Introduction
The study I chose for the project is one of the example studies posted: ‘Single-cell transcriptional profiles in human skeletal muscle’ by Rubenstein et. al (2020). The overall aim of this study was to characterize muscle cells gene expression at the single cell level to understand effects of exercise and pathophysiology of muscle disease for different skeletal muscle cell types. When characterizing gene expression with regular RNA sequencing (RNAseq) (as opposed to single cell RNA sequencing (scRNAseq)), it is necessary to have well characterized gene signatures of each cell type in a bulk sample to estimate differences in cell-type proportion vs. changes in gene regulation between bulk samples containing different cell types. These signatures had not been established for skeletal muscle tissues, making it difficult to deconvolve differences in proportion of cell types vs. gene regulation changes between skeletal muscles samples when using RNAseq data from bulk samples. This paper addressed this issue by employing scRNAseq to obtain comprehensive marker gene panels for the cell types found in human muscle genes. In addition to this marker gene characterization, this paper reports a discovery of a previously uncharacterized human FAP (Fibro-adipogenic progenitor) cell population. The paper demonstrates the utility of newly identified marker genes by employing them to deconvolve a previously published large human skeletal microarray dataset.
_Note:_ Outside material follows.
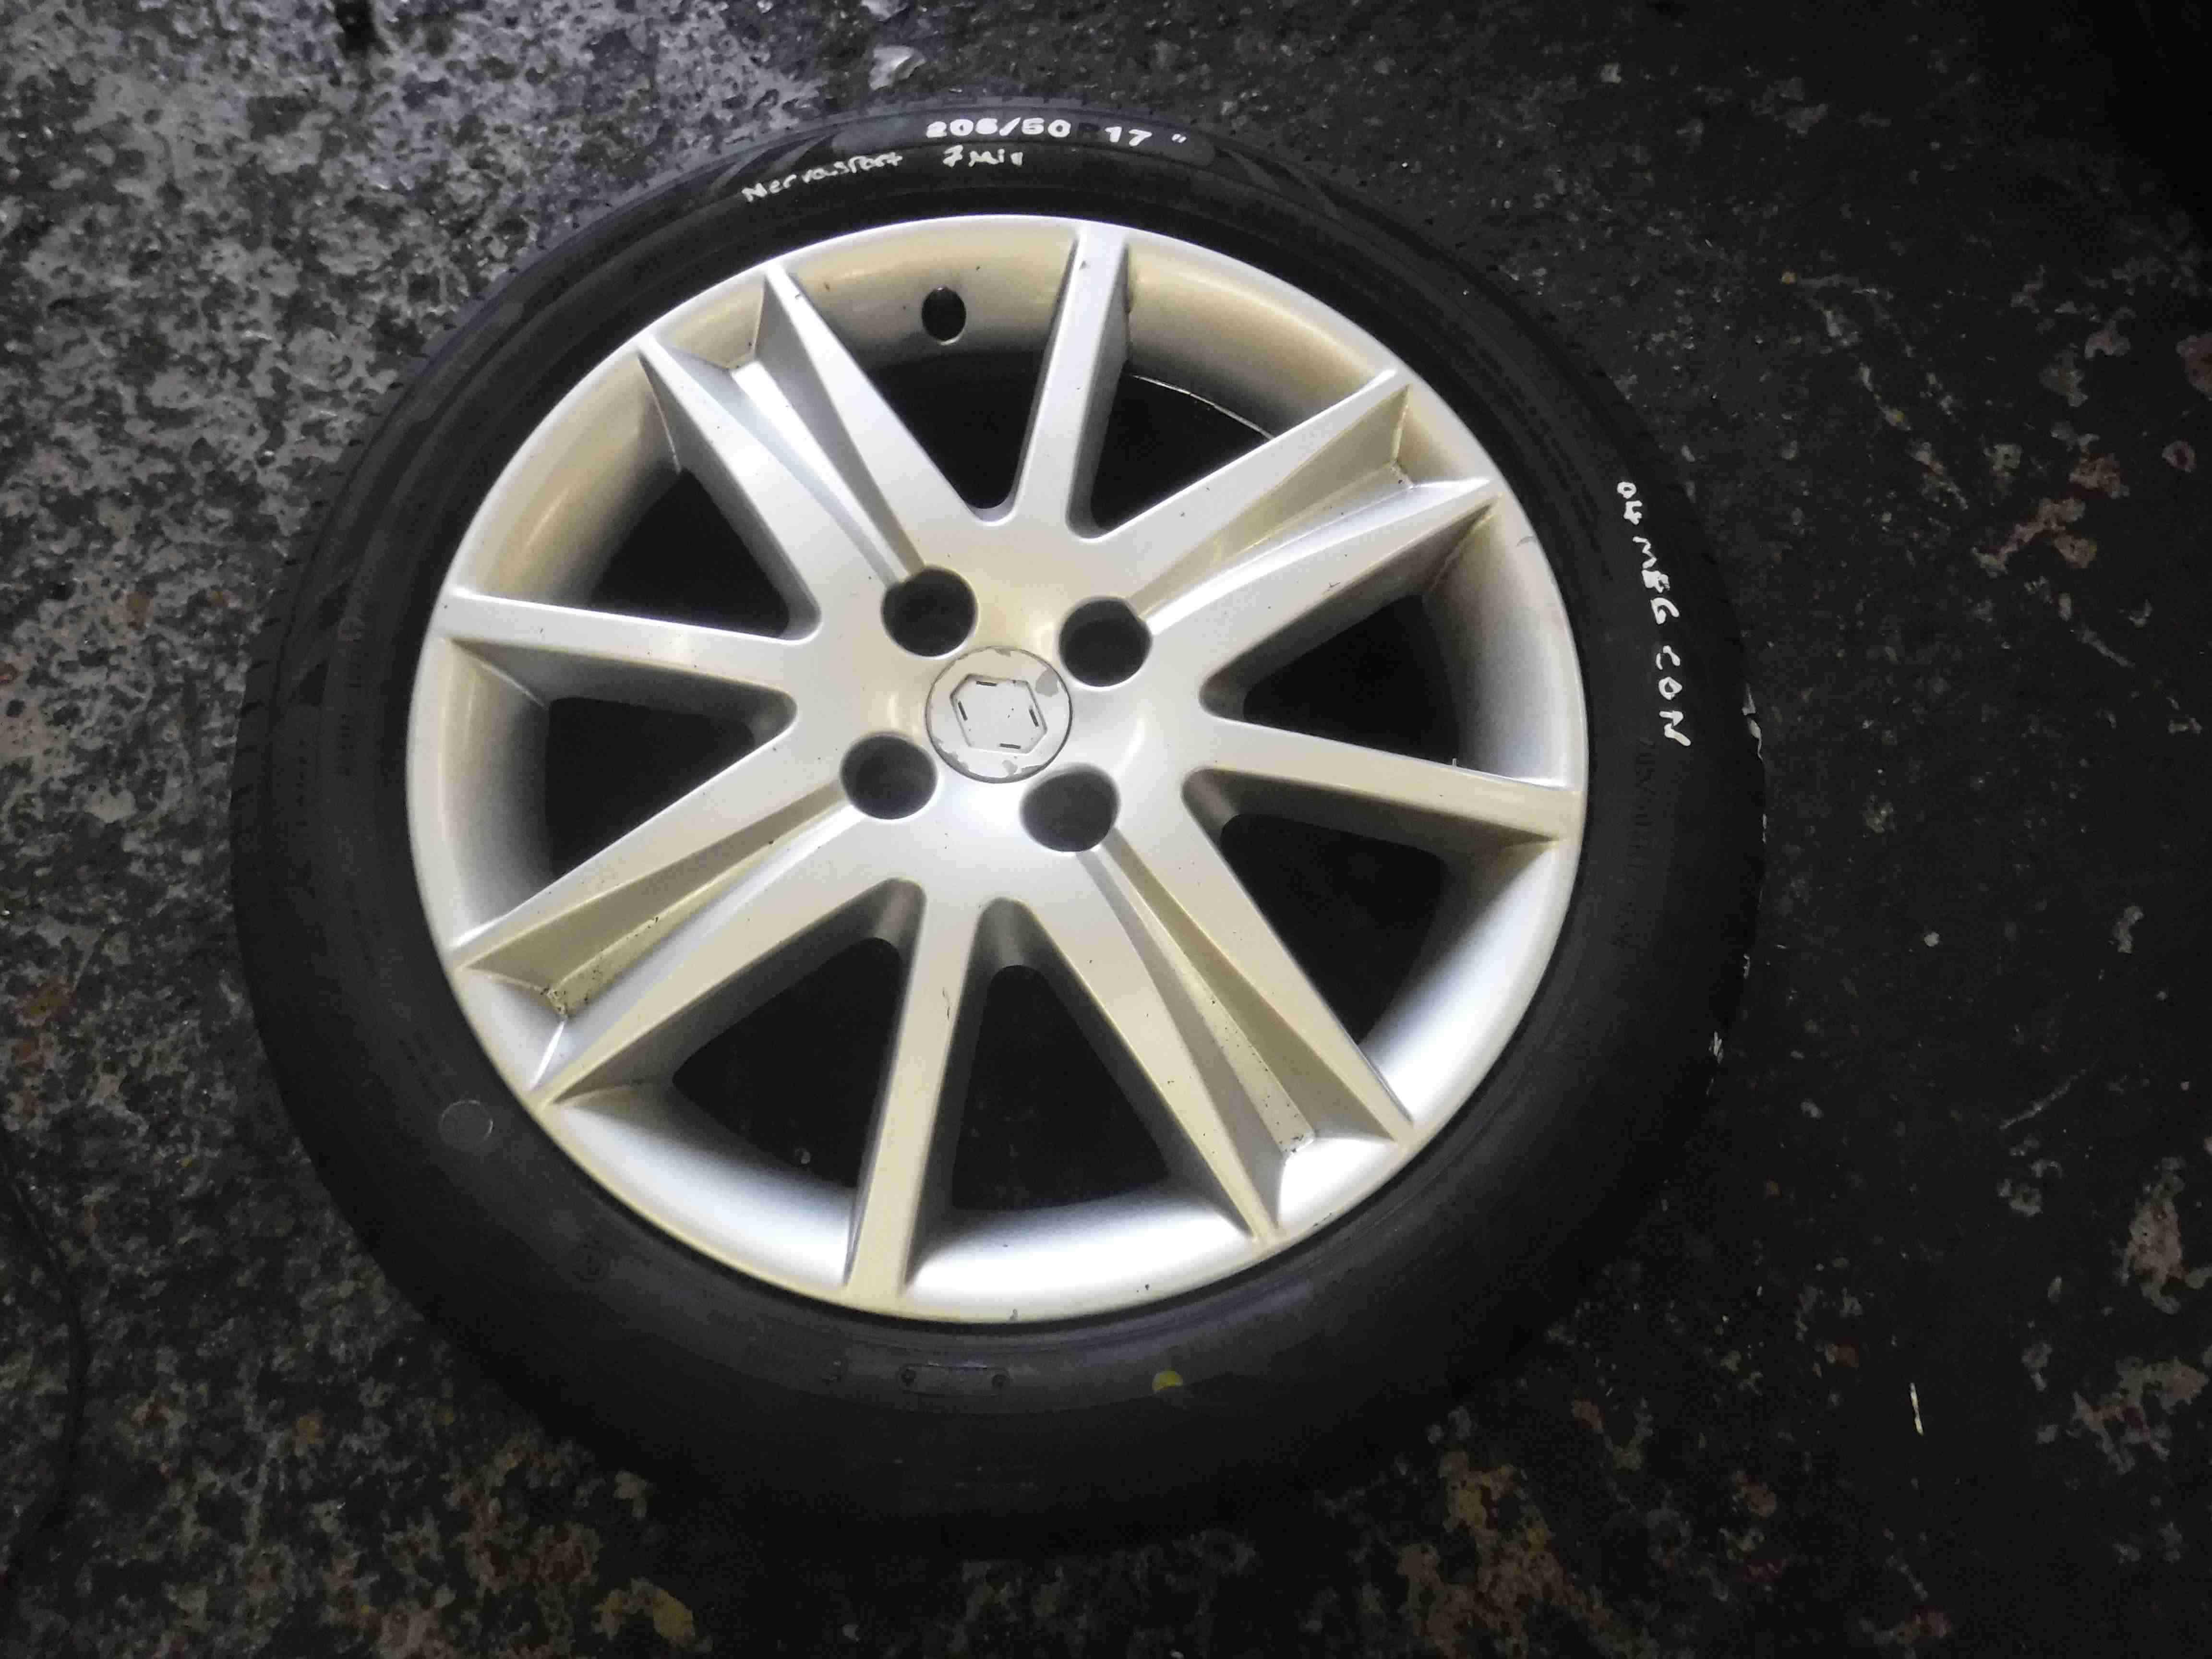 Renault Megane 2002-2008 Nervasport Alloy Wheel + Tyre 205 50 17 7mm 4/5

The type of data used in the study was scRNAseq from human and mouse samples, as well as microarray data from human samples. RNAseq data comes in FASTQ and BCL format, however the data that I accessed was pre-processed as counts matrices of (genes x cells) in .csv format. There were 4 of these count matrices in total: one for each of the 4 samples subjected to scRNAseq in this study. The data can be accessed here
Methods
I structured my code to first read in and organize the data so that I could analyze it. This was fairly straightforward: read in 4 .csv files and concatenate them into one data frame by joining them based on gene, since they all of the same genes for row indices. Next, I transformed the data frame into an Anndata object, because this is the required format for the module Scanpy, a python module I used which is based off Seurat, an R package for single-cell genomics. The last thing I needed to do before analysis was normalize the data; while the data was preprocessed, it was not normalized across all 4 samples. The paper did not specify a method, so I used a common method, which is scaling the data per cell, so that all of the cells have the same total read count (I chose 1000 reads) and then log1p() transforming the entire matrix. This second step stabilizes the variance and improves PCA results by reducing multiplicative differences in non-log transformed data to additive differences (Booeshaghi et. al).
Next, I did PCA and plotted variance ratios to understand how much variability each of the 31 calculated PCs explained. Following this step, I performed T-SNE using 10 PCs (because this was stated in the paper and it is a reasonable cutoff based on the PC elbow plot) and clustering on the dataset, which produced 11 clusters, which is the same number as were produced in the paper. To understand how to label the clusters, I looked at expression of key marker genes that were listed in the supplementary materials for each of the 11 cell types identified. This extensive plotting of gene expression for each cluster and knowledge of the marker genes for each cell types made it clear which cluster belonged which cell type label.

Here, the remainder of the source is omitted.